Alternatively, you could make use of trig identities to find the same result: #intsin^2xdx=1/2(x-sinxcosx)+C#

Explanation:

In addition to Gio's method, there is another way of doing this integral, using trig identities. (If you don't like trig or math in general, I wouldn't blame you for disregarding this answer - but sometimes the use of trig is unavoidable in problems).

The identity we will be using is: #sin^2x=1/2(1-cos2x)#.

We can therefore rewrite the integral like so:
#int1/2(1-cos2x)dx#
#=1/2int1-cos2x#

Using the sum rule we get:
#1/2(int1dx-intcos2xdx)#

The first integral simply evaluates to #x#. The second integral is a little more challenging.
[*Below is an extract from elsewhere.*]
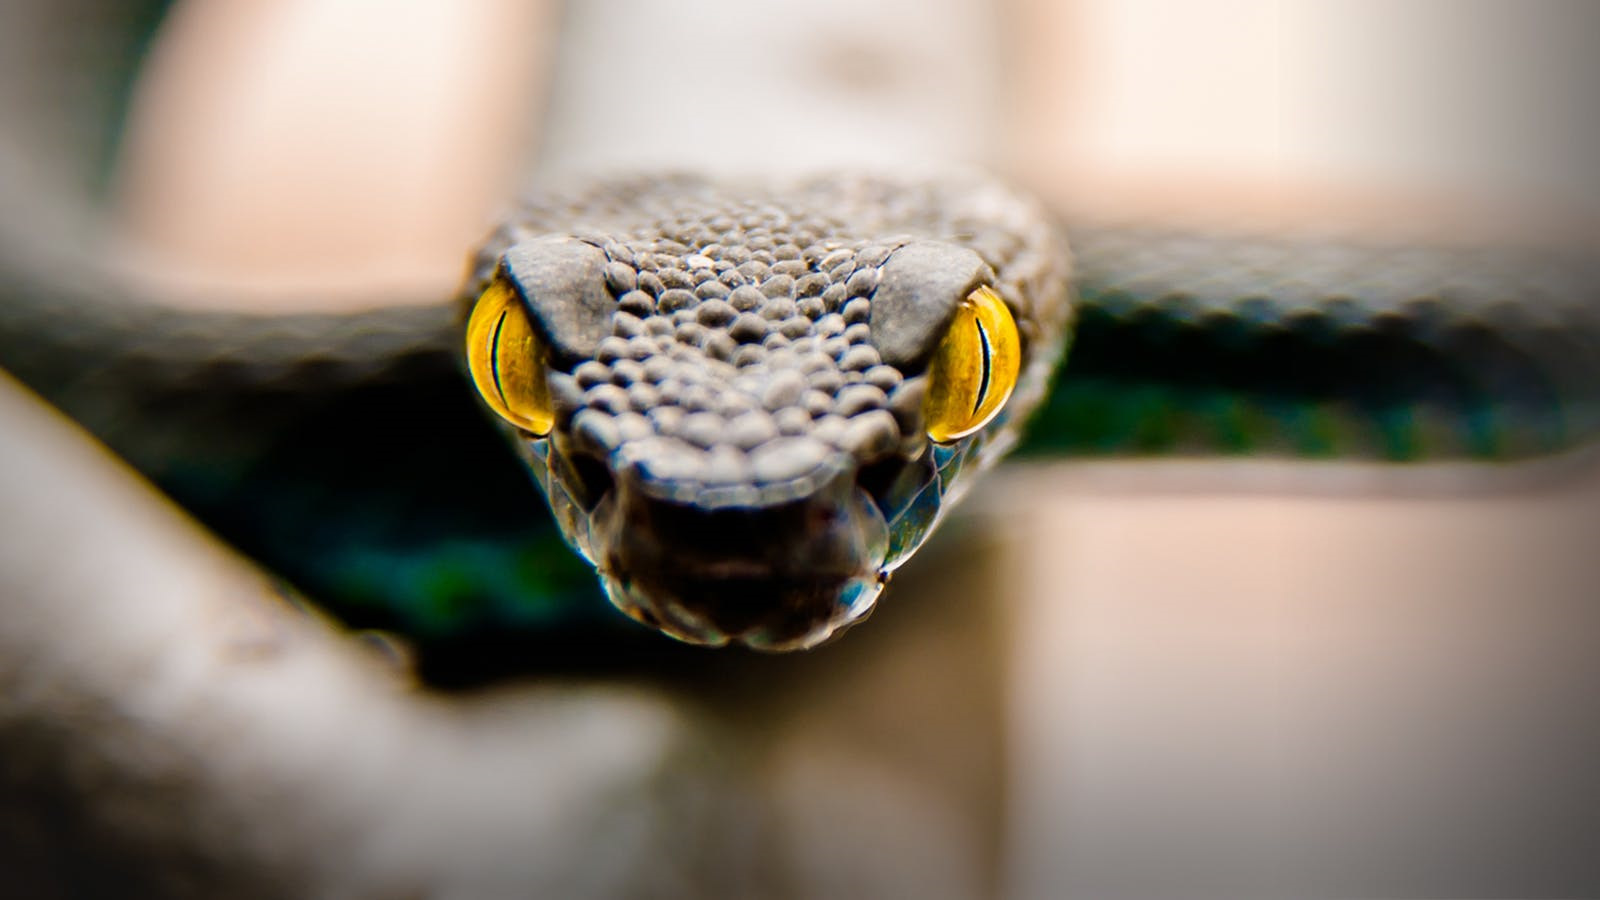 Змея с желтыми глазами

We know that the integral of #cosx# is #sinx# (because #d/dxsinx=cosx#), but what about #cos2x#? We'll need to adjust for the chain rule by multiplying by #1/2#, so as to balance the #2x#:
#d/dx1/2sin2x=2*1/2cos2x=cos2x#

So #intcos2xdx=1/2sin2x+C# (don't forget the integration constant!) Using that info, plus the fact that #int1dx=x+C#, we have:
#1/2(color(red)(int1dx)-color(blue)(intcos2xdx))=1/2(color(red)(x)-color(blue)(1/2sin2x))+C#

Use the identity #sin2x=2sinxcosx#, we find:
#1/2(x-1/2sin2x)+C=1/2(x-1/2(2sinxcosx))+C#
#=1/2(x-sinxcosx)+C#

And that is the answer Gio found using the integration by parts method.